Начавшееся в марте 1793 г. роялистское восстание в Вандее активно поддерживалось и инспирировалось «неприсягнувшими» священниками, а армия повстанцев, нашивавших на свои куртки знак «Сердце Иисуса», именовалась не только «королевской», но и «католической». Теперь в глазах народных низов, особенно парижского плебса, понятия «католицизм» и «контрреволюция» слились окончательно. Сложилось своеобразное двоевластие Коммуны Парижа, выражавшей интересы низов, и Национального конвента, собравшегося в сентябре 1792 г. и возглавленного в июне 1793 —июле 1794 г. радикальными буржуазными революционерами-якобинцами во главе с М. Робеспьером («якобинская диктатура»). При этом инициатива проведения мер по борьбе уже не только с «неприсягнувшими» священниками, но и «конституционным» духовенством, вплоть до осуществления кампании «дехристианизации» в конце 1793 —начале 1794 г. чаще всего принадлежала Парижской Коммуне.
Иногда Конвент и лидер якобинцев Робеспьер уступали тем или иным инициативам «снизу». Как следствие, декретом от 5 октября
1793 г. Конвентом вводился «революционный календарь», в соответствии с которым летосчисление осуществлялось по годам республики
133
(т. е. с 22 сентября 1792 г.), а христианское летосчисление, «осквернённое предрассудками и ложью, исходившими от трона и церкви», отменялось. Воскресенье и все прочие церковные праздники упразднялись, взамен вводилось празднование десятого дня недели (дека-ди). Календарь носил сугубо светский характер и представлял собой попытку дехристианизации повседневной жизни.
В октябре 1793 г. был принят закон об изгнании «конституционных» священников том случае, если со стороны шести граждан последует обвинение в «негражданском» поведении. Тогда же комиссар Конвента Ж. Фуше, находясь в Невере, издал распоряжение, согласно которому все религиозные символы, находящиеся вне храмов, подлежали уничтожению, а священники не могли показываться в богослужебной одежде за их пределами. На кладбищенских воротах следовало начертать: «смерть есть вечный сон».
Вслед за Фуше многие комиссары Конвента стали действовать аналогичным образом. Стали закрываться церкви, которые превращались в школы, больницы, тюрьмы. Церковные золото и серебро направлялись на монетный двор. Вместо католических храмов стали открываться «храмы Разума». 11 ноября в соборе Парижской Богоматери состоялось празднество в честь Разума. Все христианские изображения были задрапированы, на алтаре зажжён «факел истины». Были выставлены бюсты Вольтера, Монтескье, Руссо и Франклина. В ходе состоявшегося действа солистка оперы изображала Свободу. На празднике присутствовали многие члены Конвента и Коммуны.

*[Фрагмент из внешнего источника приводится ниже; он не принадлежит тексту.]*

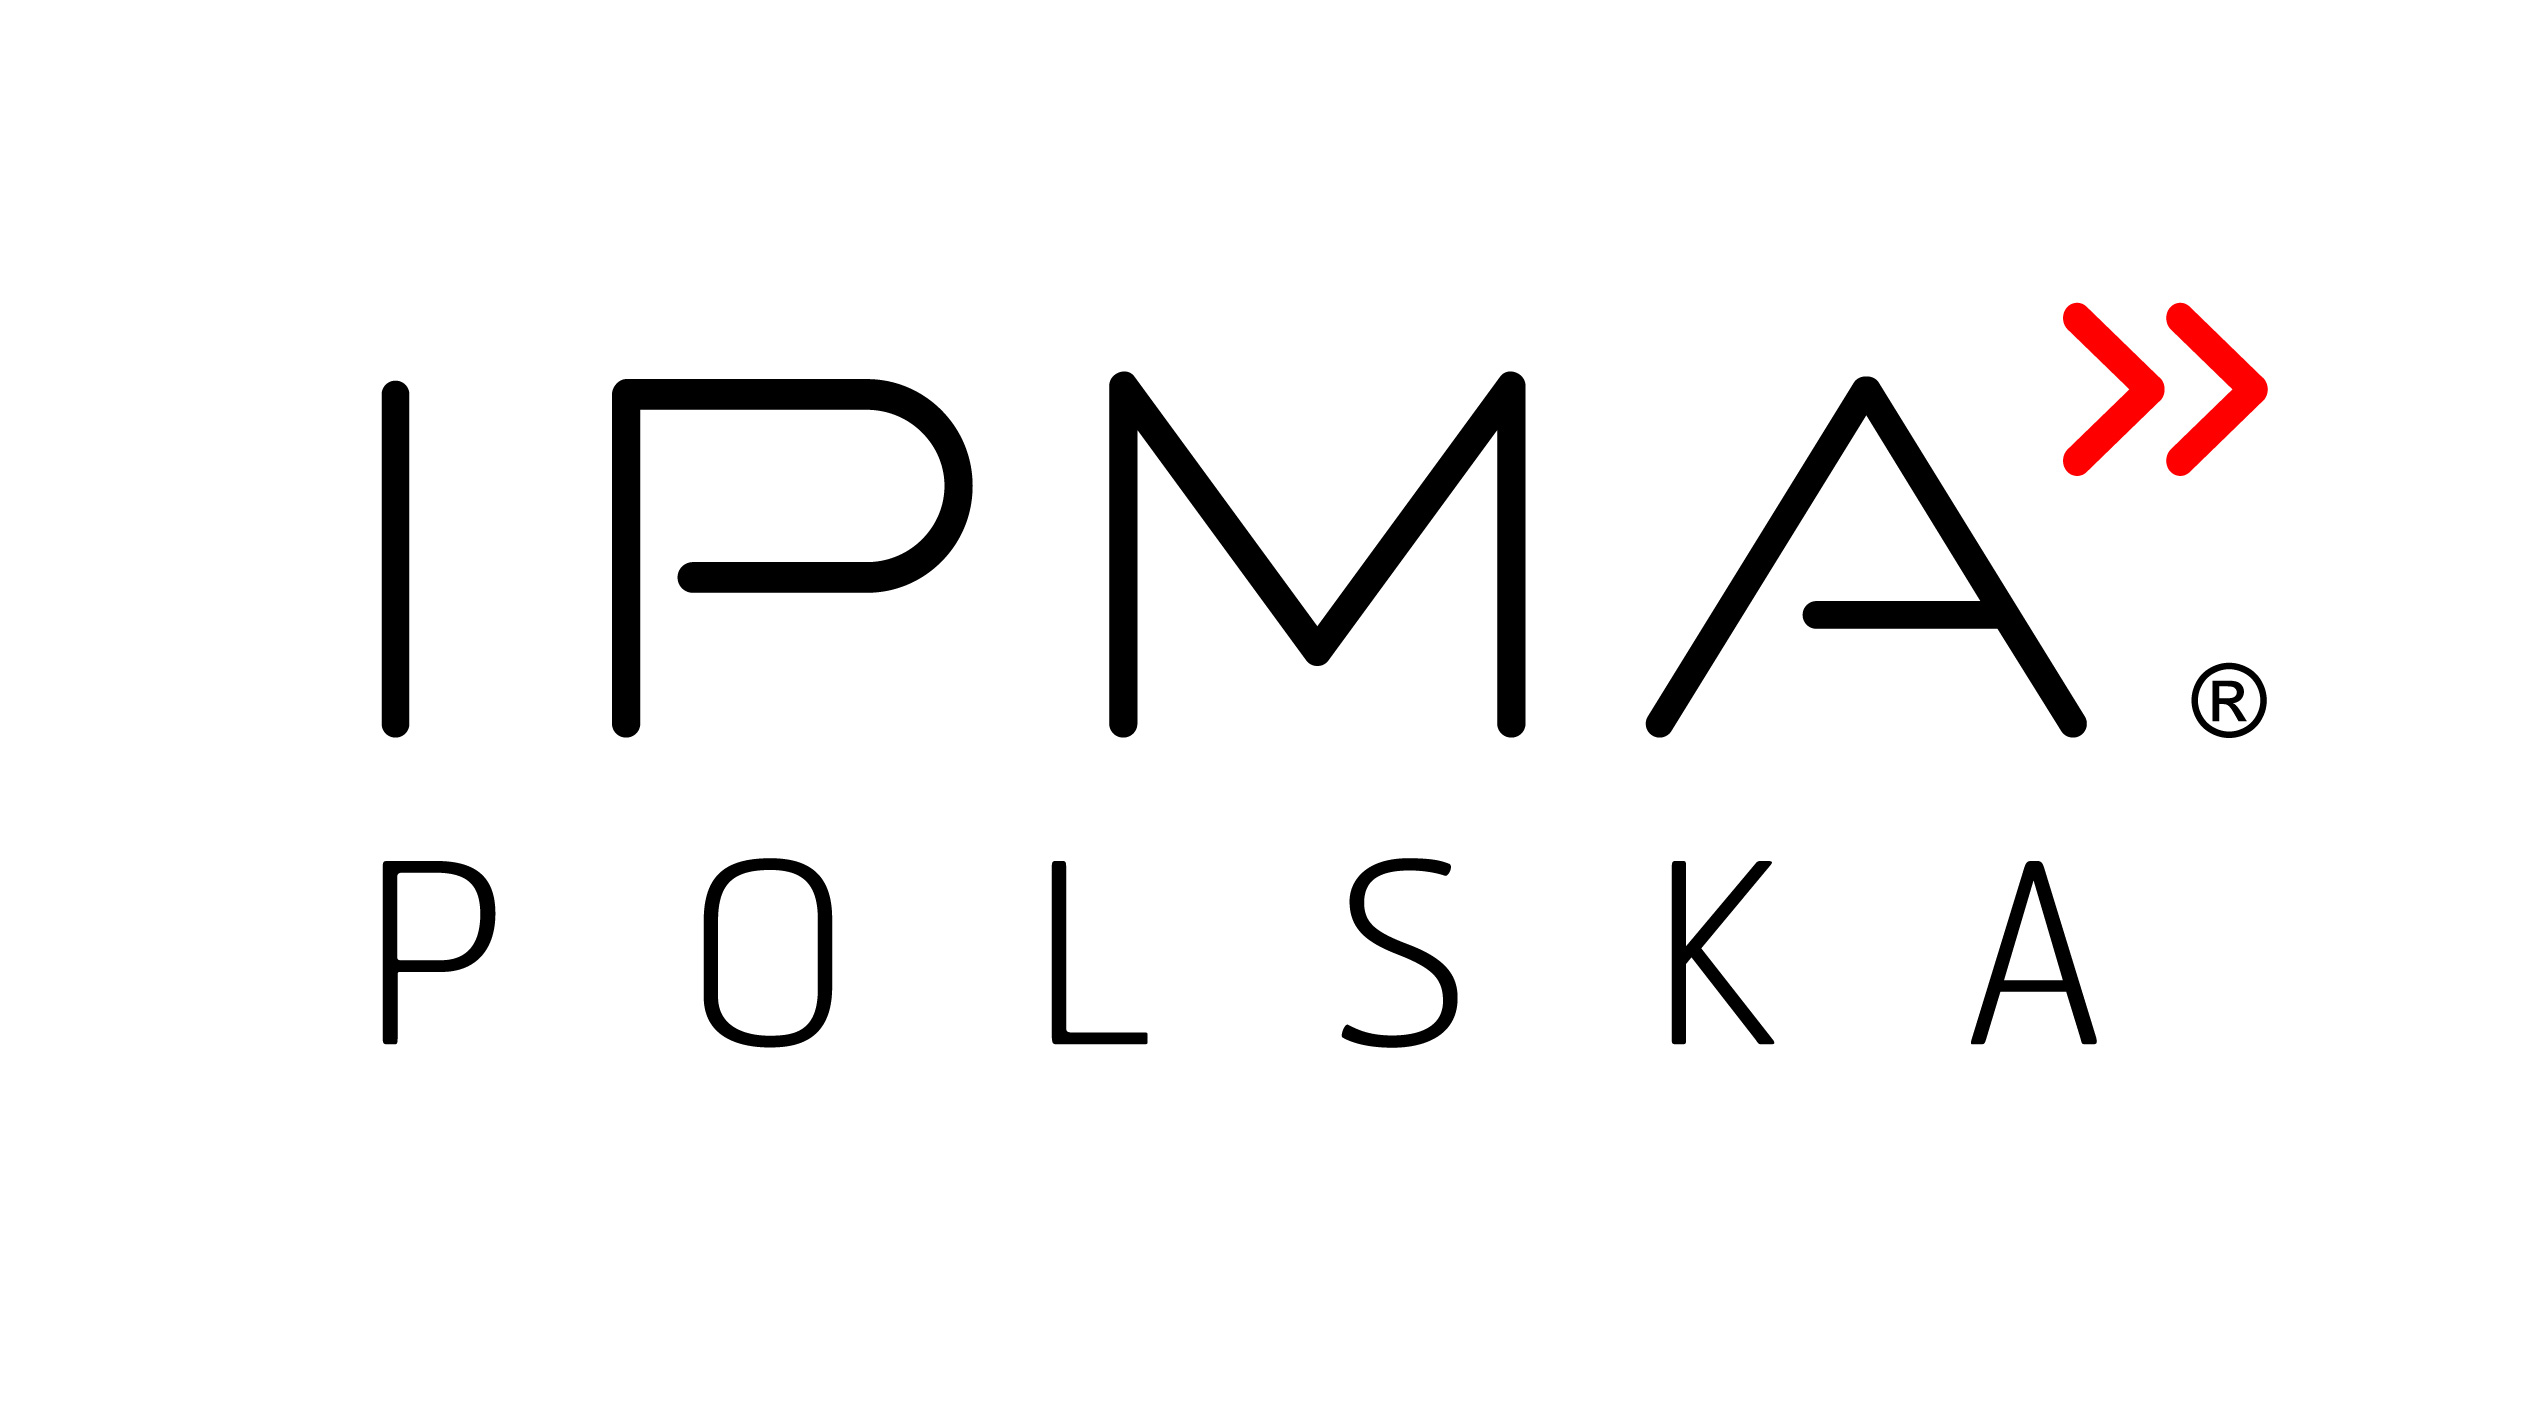 IPMA POLSKA LOGO short wersja podstawowa zastrzezona RGB

23 ноября Генеральный совет Коммуны по предложению прокурора Коммуны П. Шометта принял постановление о закрытии в Париже храмов «всех религий и всех культов», о персональной ответственности духовенства за возможные беспорядки и об аресте всякого, кто потребует открыть церковь. «Конституционные» священники, включая Парижского епископа Гобеля, принуждались к отречению от сана. Секции Коммуны радостно рапортовали о сожжении Библии и молитвенников, мощей и изображений святых, снятии колоколов и разрушении колоколен. Прокатившись по всей Франции, кампания «дехристианизации» привела к тому, что к весне 1794 г. месса регулярно совершалась лишь в 150 приходах.
Но не следует забывать, что многие члены Конвента, будучи учениками философов-просветителей, считали религию важным элементом жизни государства и его опорой. Конечно, в период «революционного террора» с законностью считались мало, и все же законодательство Коммуны нарушало как постановления Конвента о свободе культов, так и соответствующие положения Конституции 1793 г.,
134
правда, так и не введенной в действие. Поэтому 6 декабря 1793 г. Конвент принял декрет, осуждавший «всякое насилие или угрозы, противоречащие свободе вероисповедания». Однако декрет не порицал действия комиссаров Конвента, проводивших «дехристианизацию», и специально подчеркивал, что все законы против «неприсяг-пувших» и мятежных священников, а также тех, кто «попытался бы злоупотребить религией, чтобы повредить делу свободы», остаются в силе.
Эта половинчатая мера Конвента способствовала лишь снижению темпов «дехристианизации», но не её остановке. Закрытые в Париже храмы (среди которых было немало протестантских) так и не возобновили свою деятельность, поскольку в Совете Коммуны были убеждены в том, что в этом случае «временно подавленный фанатизм» возродился бы «с новой силой». Некоторые комиссары Конвента продолжили борьбу с религией и духовенством как борьбу с «контрреволюцией». Действовавший в Бретани Ж. Каррье полагал наиболее рациональным «ненароком» сжечь все церкви и уничтожить духовенство. В этом случае, по его мнению, крестьяне будут думать «только об обработке своих полей и уплате налогов».